# Flying a Flight Design CTSW into and within Mexico



## ElNorte (Sep 29, 2011)

*SLSA into and within Mexico*

Hello :clap2:,

I am interested in moving to Mexico and eventually bringing my SLSA.

There does not appear to be much information regarding having my SLSA in Mexico. I would appreciate any suggestions. I must admit that at present, my Spanish is very rusty so I would appreciate your advise about that.

I am thinking of the Yucatan Peninsula area.

I would greatly appreciate any and all advise regarding the aforementioned.

Thank you,


----------



## RVGRINGO (May 16, 2007)

If you mean an ultralight aircraft, why not say so? How do you expect us, or especially a Spanish speaker, to have any idea what you are talking about?


----------



## AlanMexicali (Jun 1, 2011)

RVGRINGO said:


> If you mean an ultralight aircraft, why not say so? How do you expect us, or especially a Spanish speaker, to have any idea what you are talking about?


SLSA:

I thought he was talking about a certificate of English as a second language that he was bringing. LOL


----------



## Isla Verde (Oct 19, 2011)

AlanMexicali said:


> SLSA:
> 
> I thought he was talking about a certificate of English as a second language that he was bringing. LOL


Very cute.  I thought he was talking about bringing in an exotic breed of dog with him.


----------



## FHBOY (Jun 15, 2010)

After I Googled the initials, I just wanted to sit around a wait to see if anyone knew what he was talking about. Didn't take long.

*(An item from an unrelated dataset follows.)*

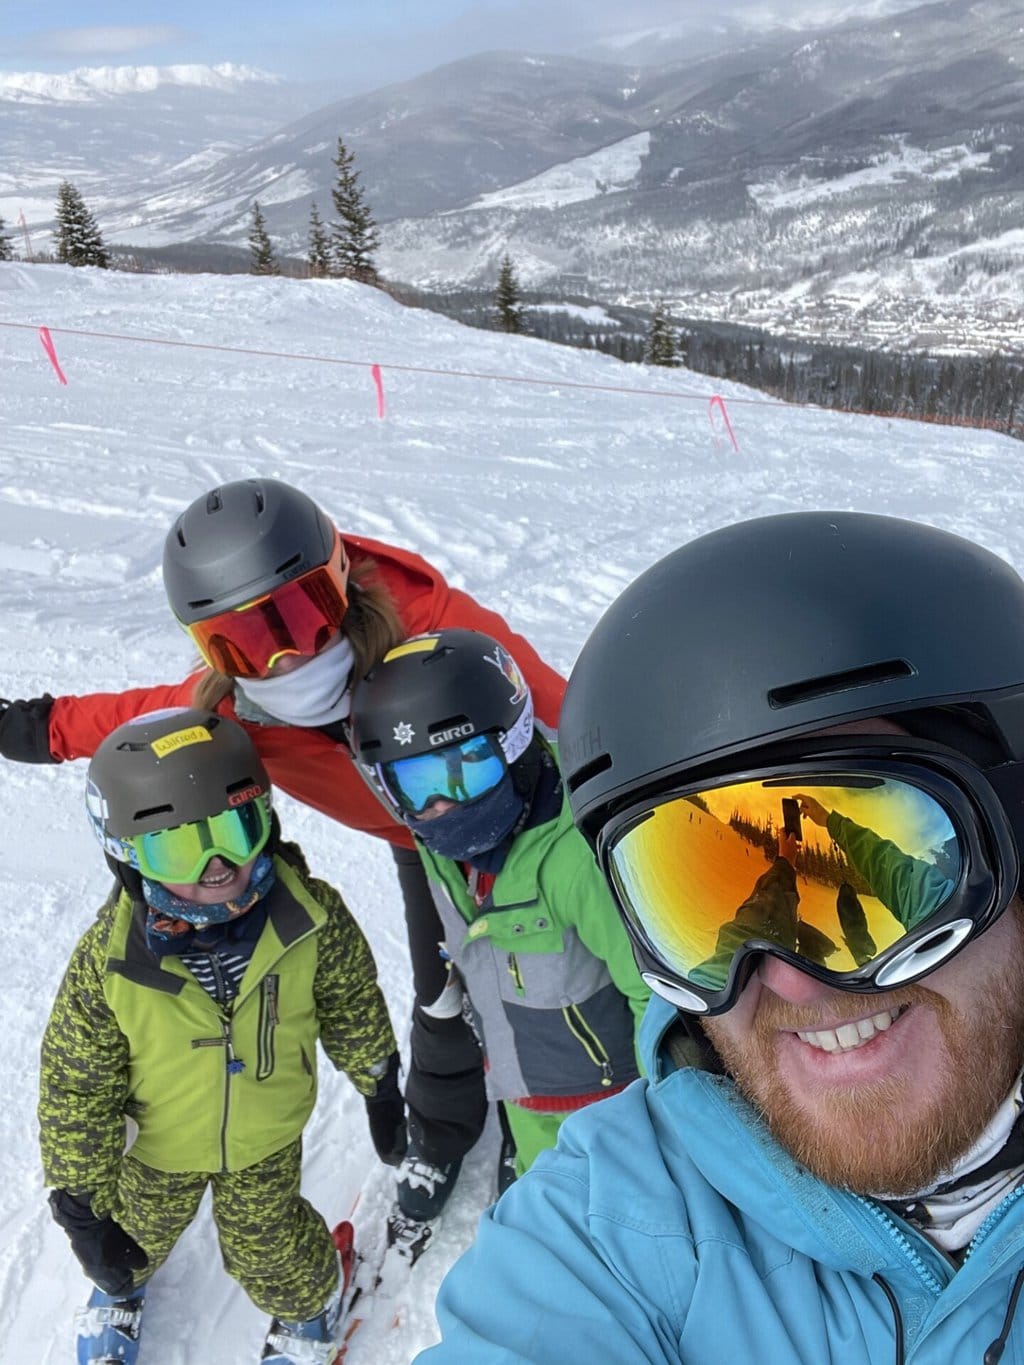 Tips for skiing in Colorado with your family

RV - you lived in Newtown Square? I lived in Havertown. And you're right a the time you lived there, Philly was not the mecca it has turned into. - FHBOY


----------



## AlanMexicali (Jun 1, 2011)

*Slsa*



FHBOY said:


> After I Googled the initials, I just wanted to sit around a wait to see if anyone knew what he was talking about. Didn't take long.
> 
> RV - you lived in Newtown Square? I lived in Havertown. And you're right a the time you lived there, Philly was not the mecca it has turned into. - FHBOY


I automatically thought that what it was, therefore Google never entered my mind. LOL Next time I will be less cocky, maybe.


----------



## AlanMexicali (Jun 1, 2011)

*Tefl*



Isla Verde said:


> Very cute.  I thought he was talking about bringing in an exotic breed of dog with him.

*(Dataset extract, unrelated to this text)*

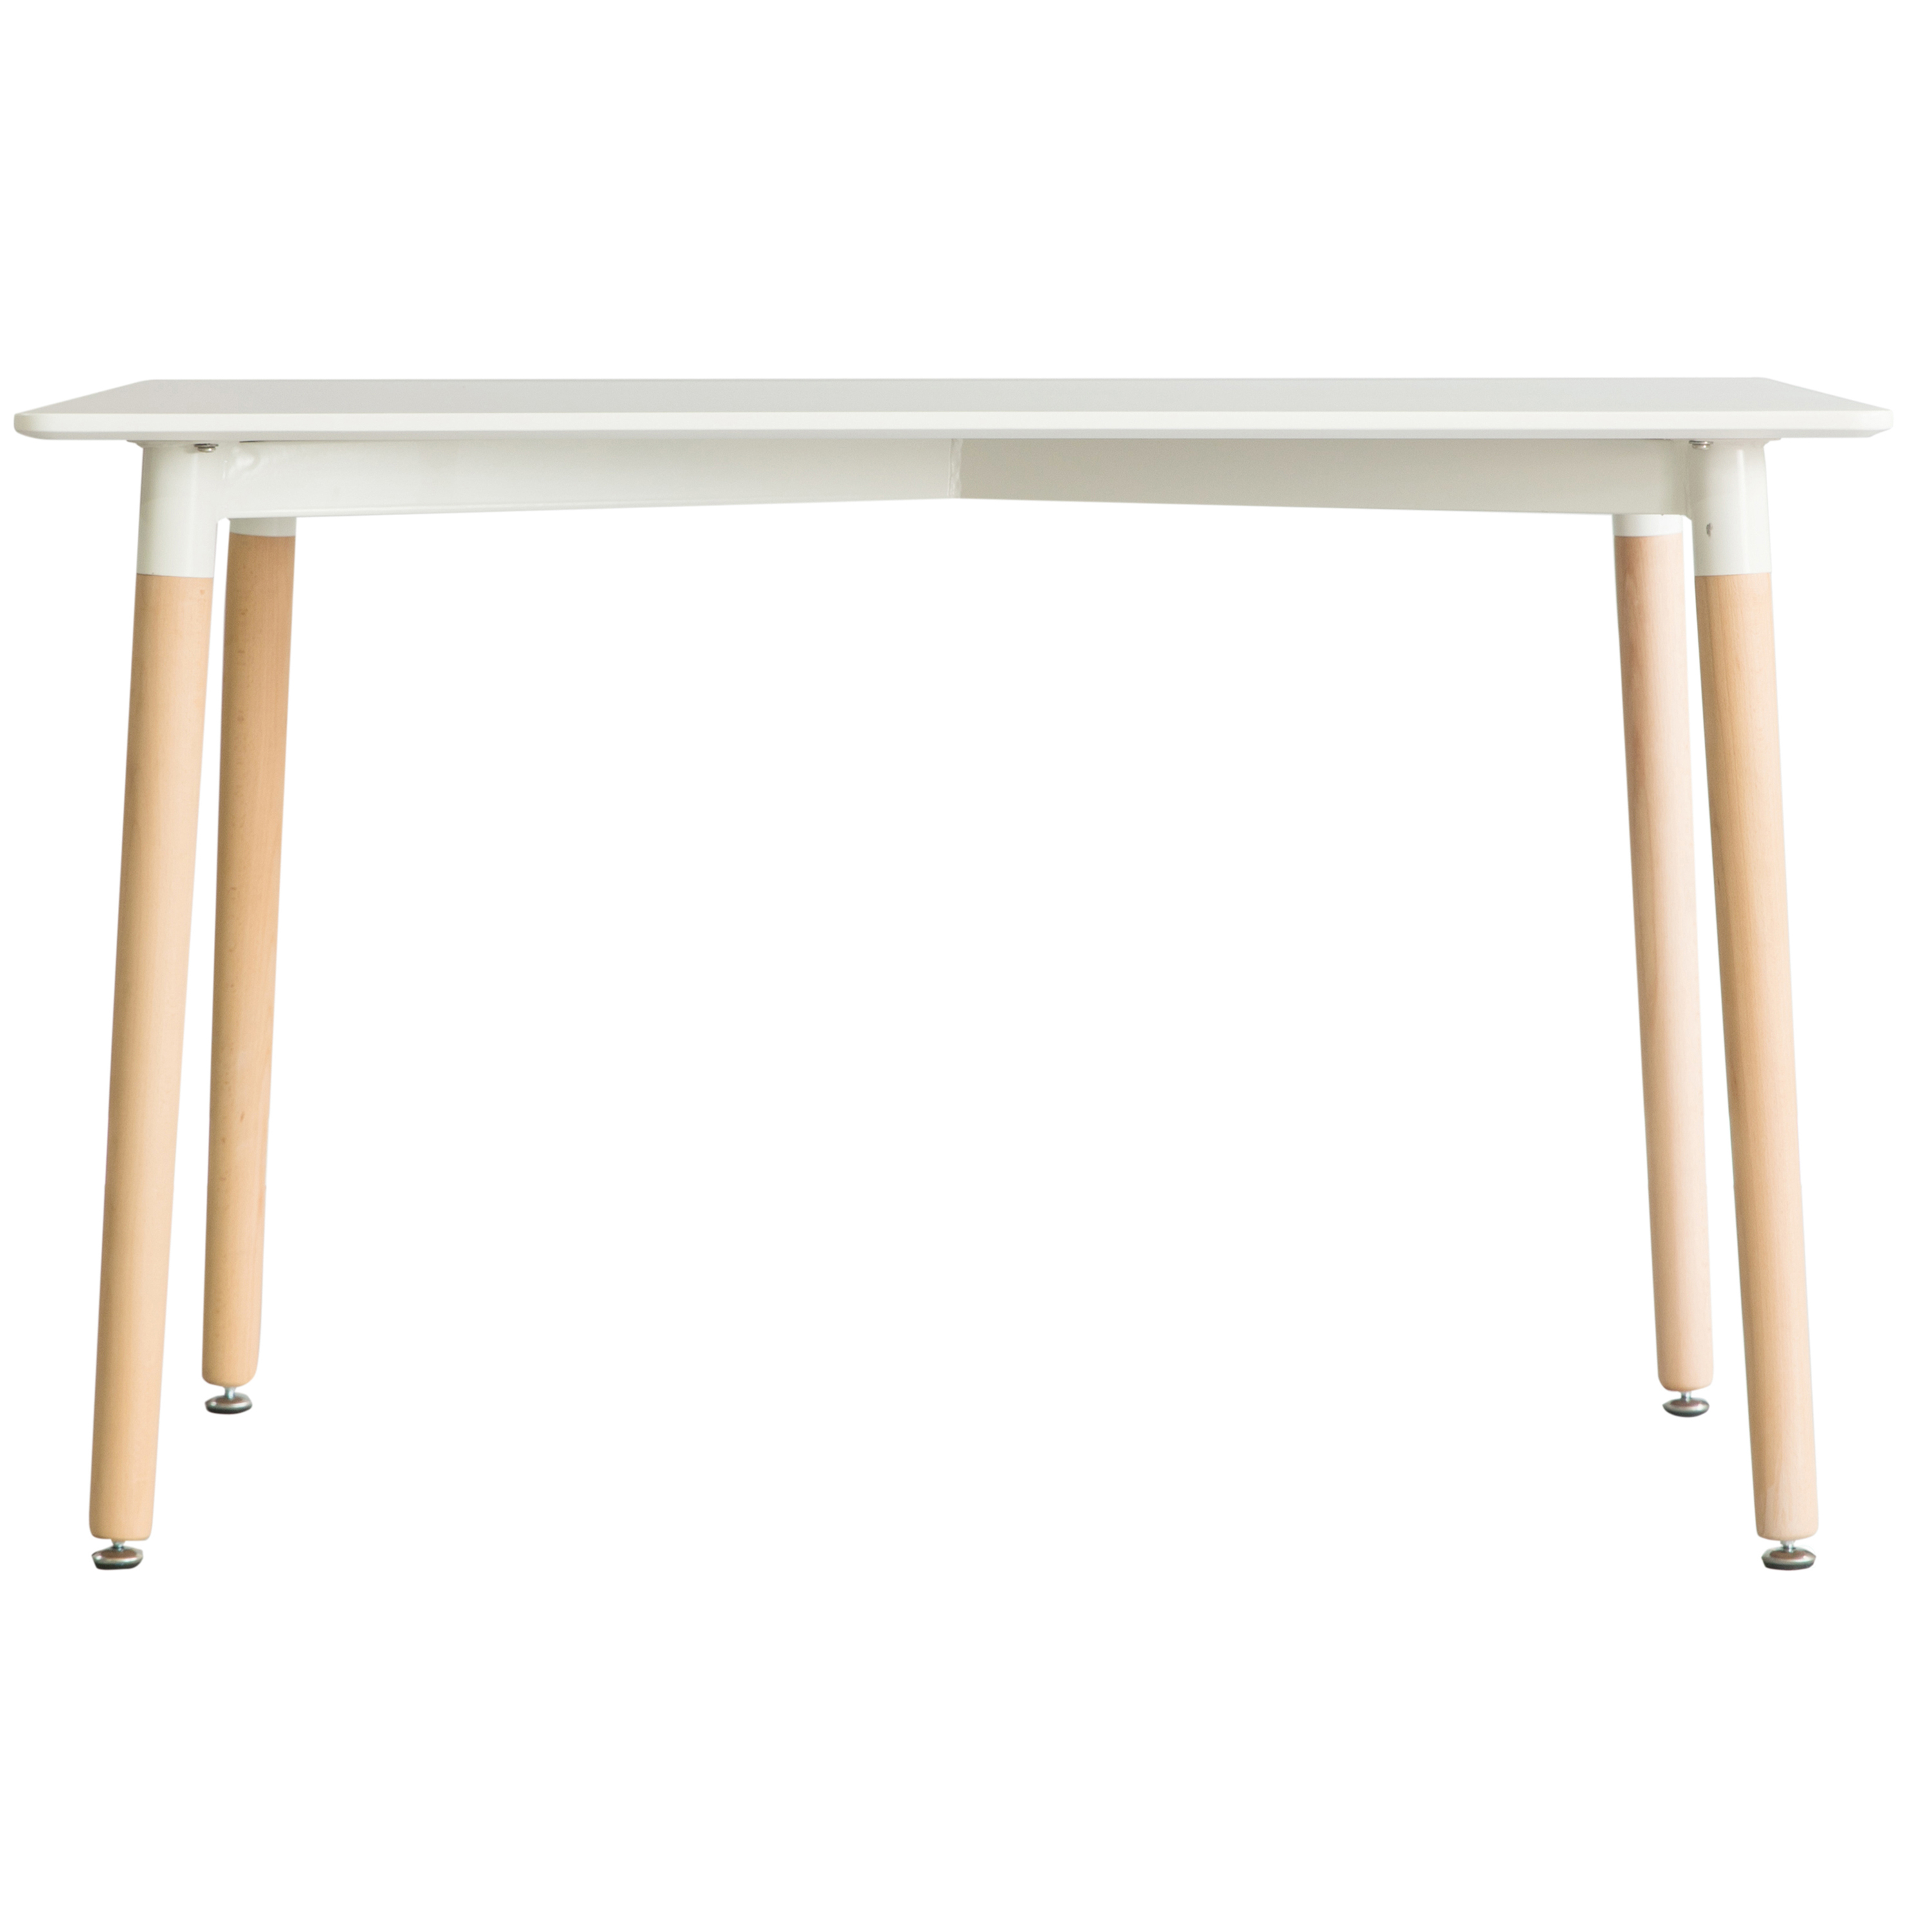 Mid-Century Modern Rectangular 4 Ft. Dining Table With White Tabletop And Solid Beech Wood Legs

I just saw your other post somewhere and thought it was an English translation of the "TEFL" certificate. LOL


----------



## Isla Verde (Oct 19, 2011)

AlanMexicali said:


> I just saw your other post somewhere and thought it was an English translation of the "TEFL" certificate. LOL


Actually, TEFL is English for *T*eaching of *E*nglish as a *F*oreign *L*anguage. In Spanish that might be an EILE.


----------



## ElNorte (Sep 29, 2011)

RVGRINGO said:


> If you mean an ultralight aircraft, why not say so? How do you expect us, or especially a Spanish speaker, to have any idea what you are talking about?


Actually, it is not an Ultralight. This is a factory build aircraft two seats that performs like a Cessna 172. It has a glass panel with a autopilot that tracks the GPS. I suppose in Mexico, they call all non-certified aircraft Ultralights. This is much more than an ultralight!


----------



## dongringo (Dec 13, 2010)

ElNorte said:


> Hello :clap2:,
> 
> I am interested in moving to Mexico and eventually bringing my SLSA.


Really a dumb request to 99.999% of people that have no idea that you are talking about Special Light Sport Aircraft.

The major center for sport flying in Mexico is Valle de Bravo, near Mexico City.


----------



## scubakevin (Jun 22, 2011)

I know a French guy in Playa del Carmen that has an ultra light 2 seater don't know the specifics of the aircraft but a client contracted him to take me up and shoot some aerial shots around the Riviera Maya for a magazine article.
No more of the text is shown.